_ACTIVITY_: From the first line of the listing to the last, set down everything exactly, but skip the images.
** Opening AVAILABLE DATA block **
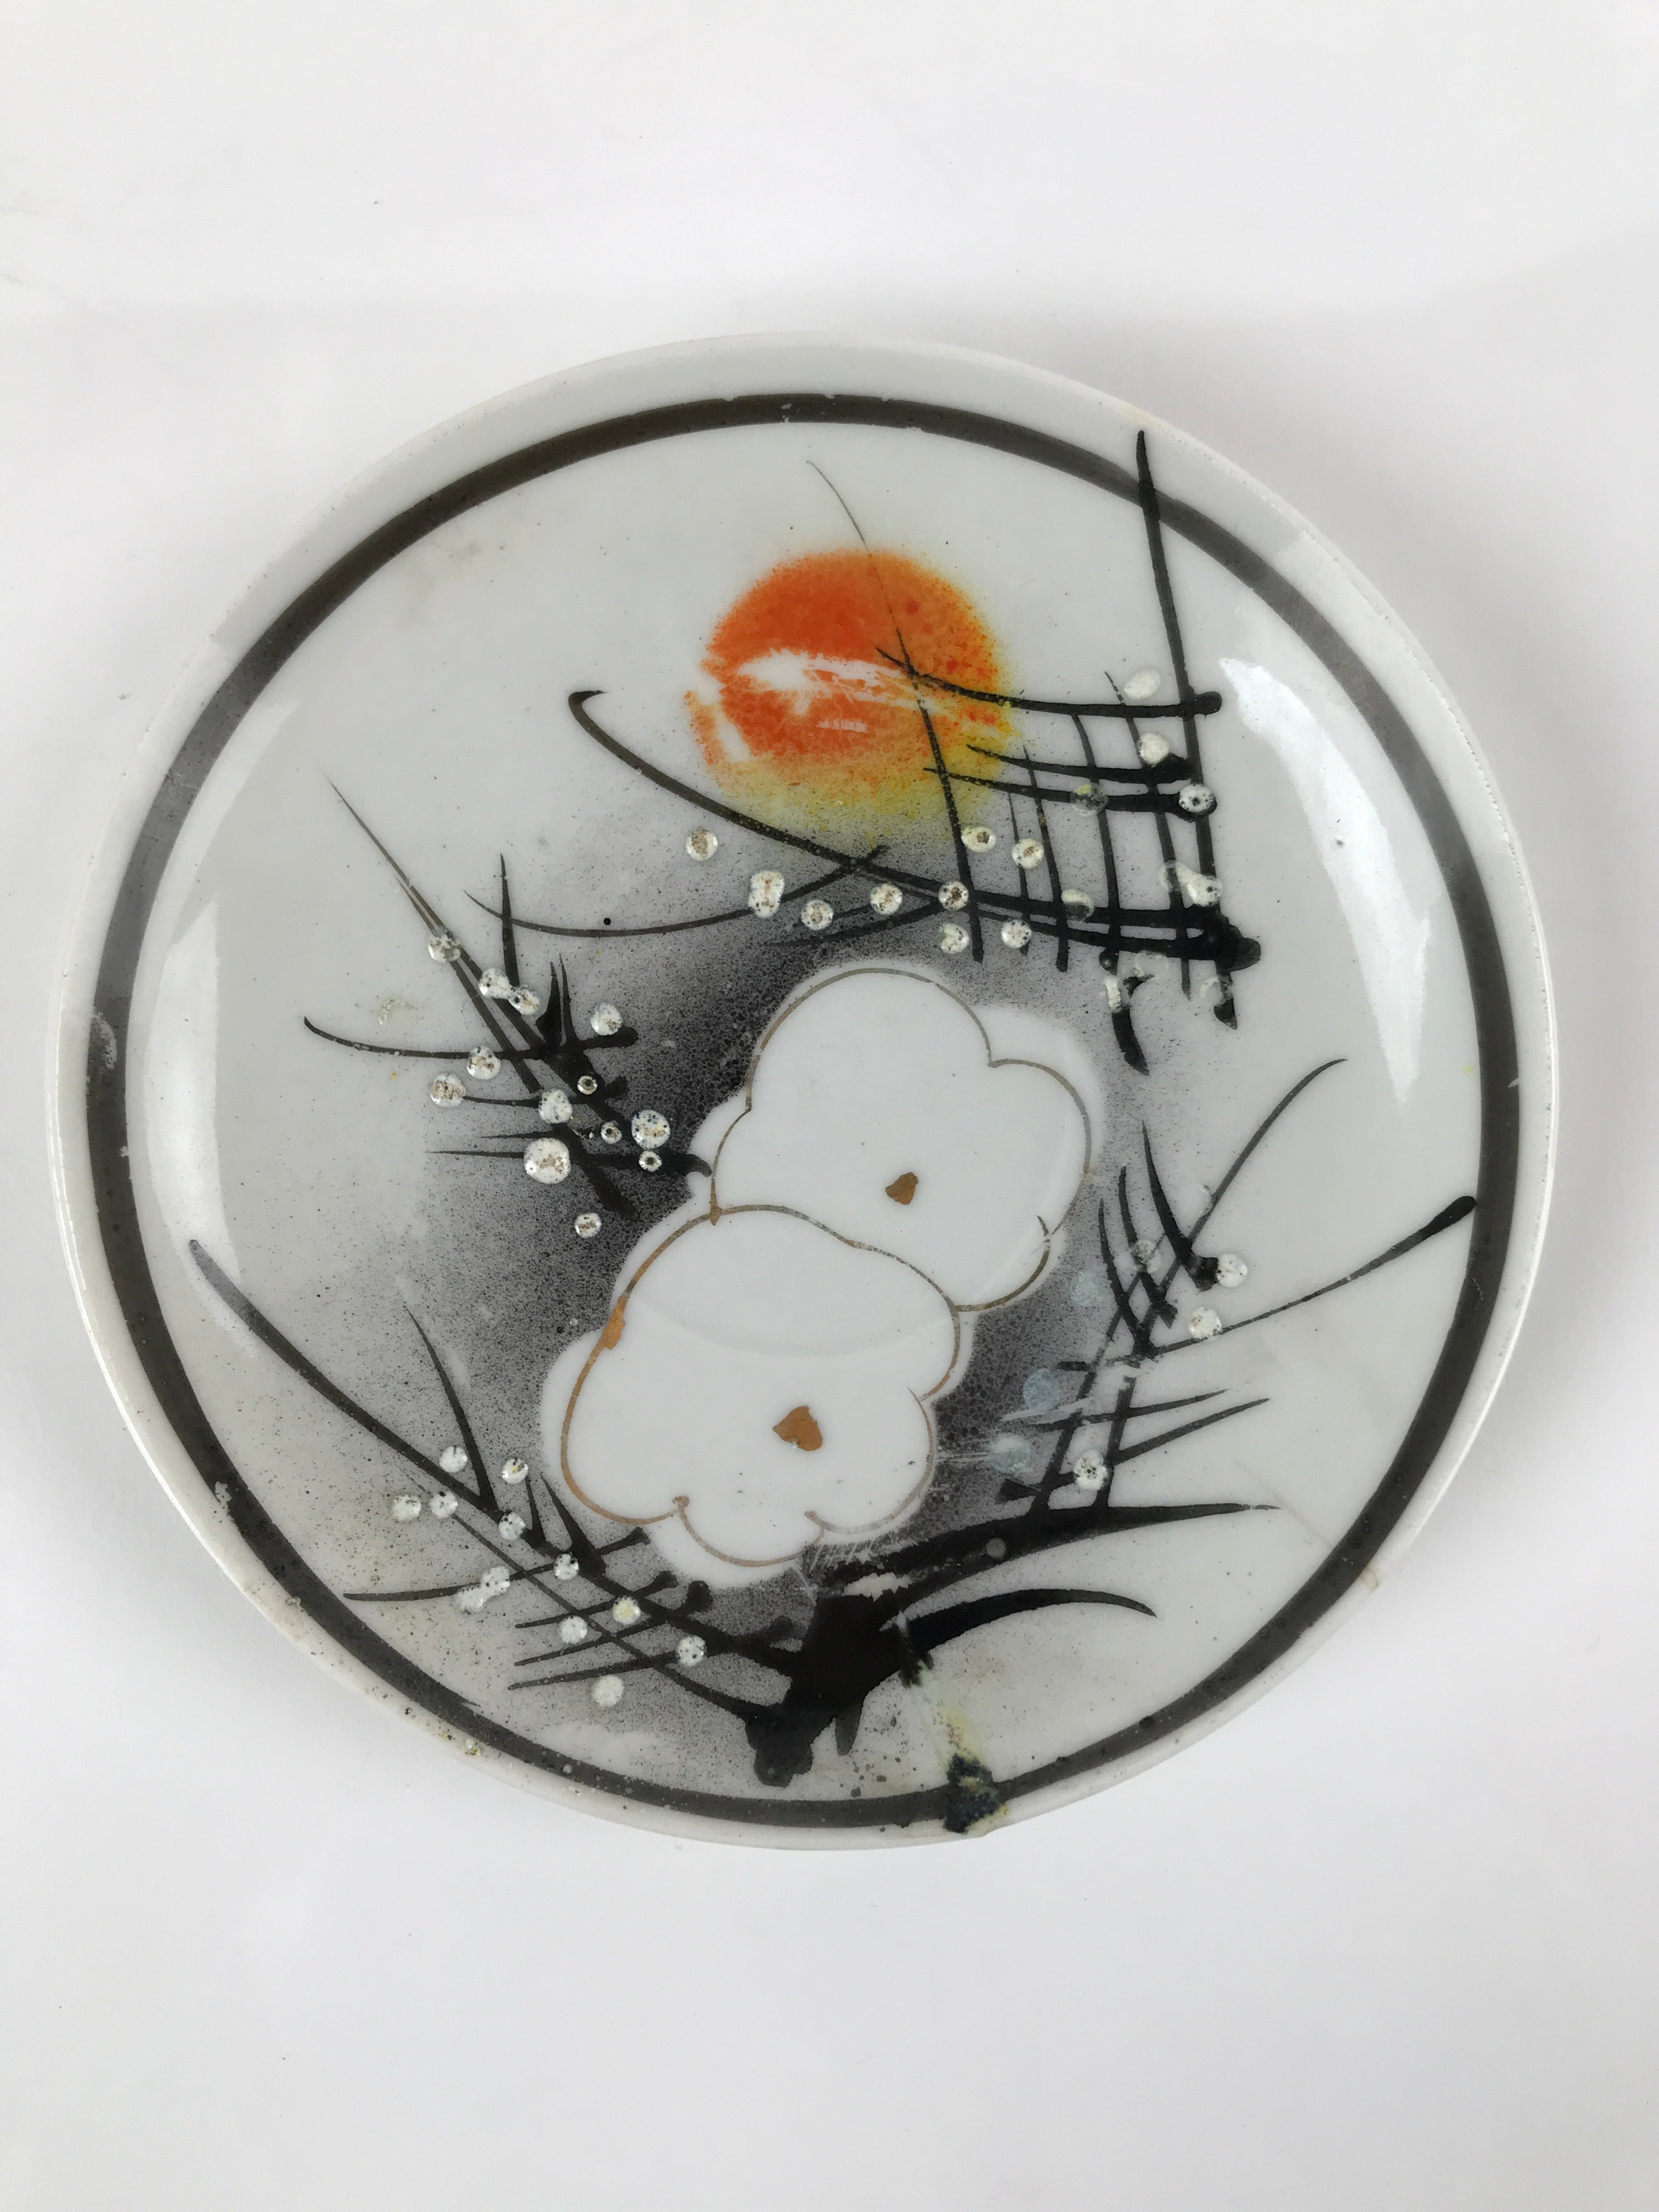 Japanese Porcelain Small Plate Kozara Vtg Plum Blossom Sun Black White PY685
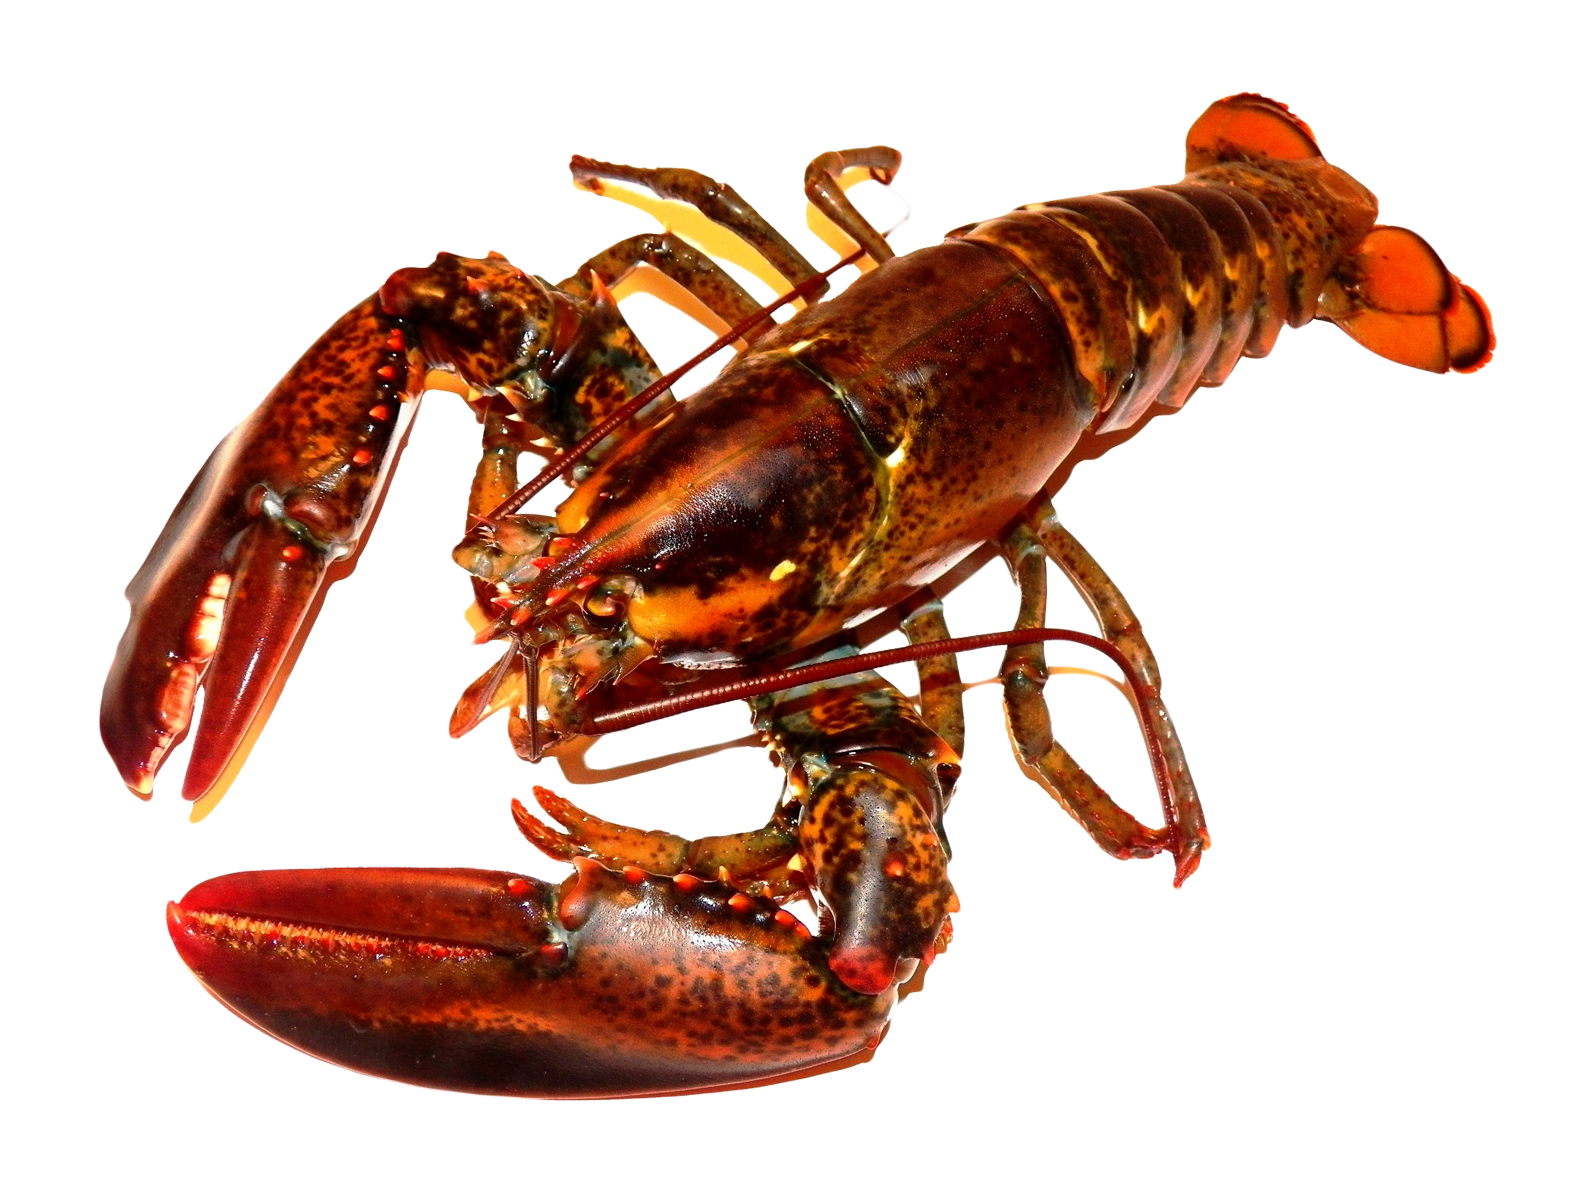 Lobster HD PNG-PlusPNG.com-15
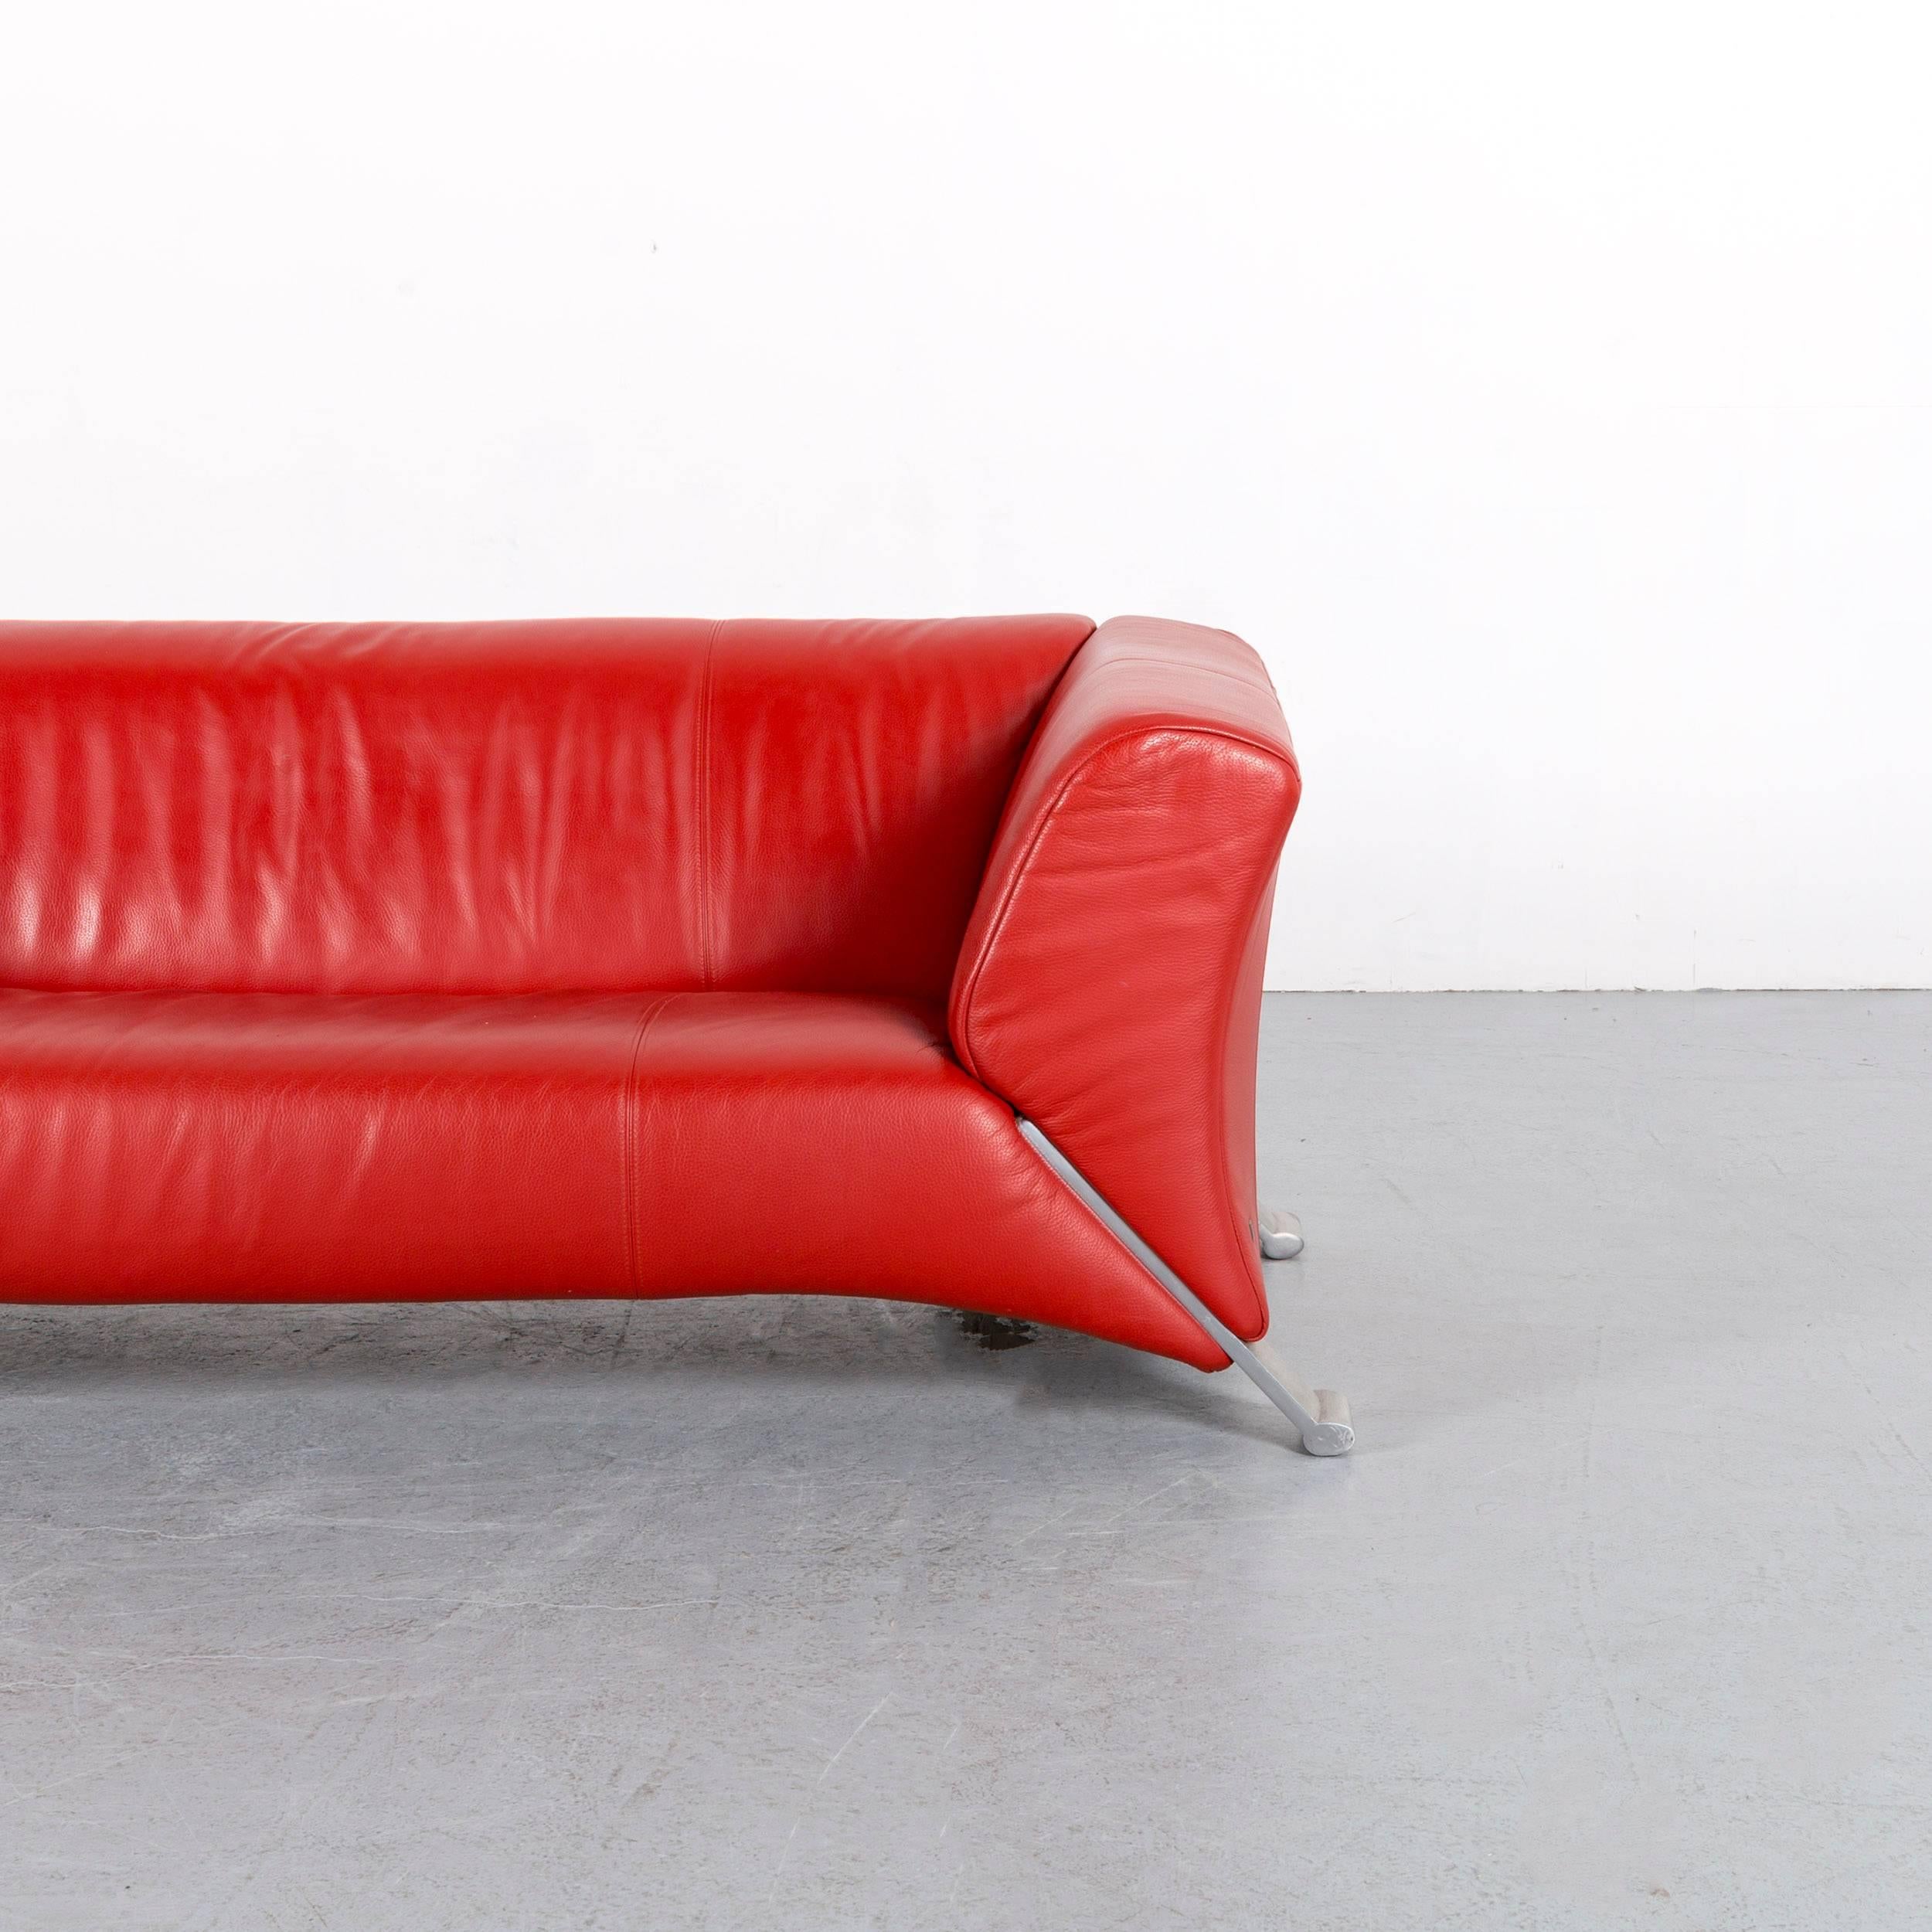 German Rolf Benz 322 Designer Sofa Red Three-Seat Leather Modern Couch Metal Feet
** Closing AVAILABLE DATA block **
_WRITTEN ANSWER_:
 Japanese Porcelain Small Plate Kozara Vtg Plum Blossom Sun Black White PY685
 Lobster HD PNG-PlusPNG.com-15
 German Rolf Benz 322 Designer Sofa Red Three-Seat Leather Modern Couch Metal Feet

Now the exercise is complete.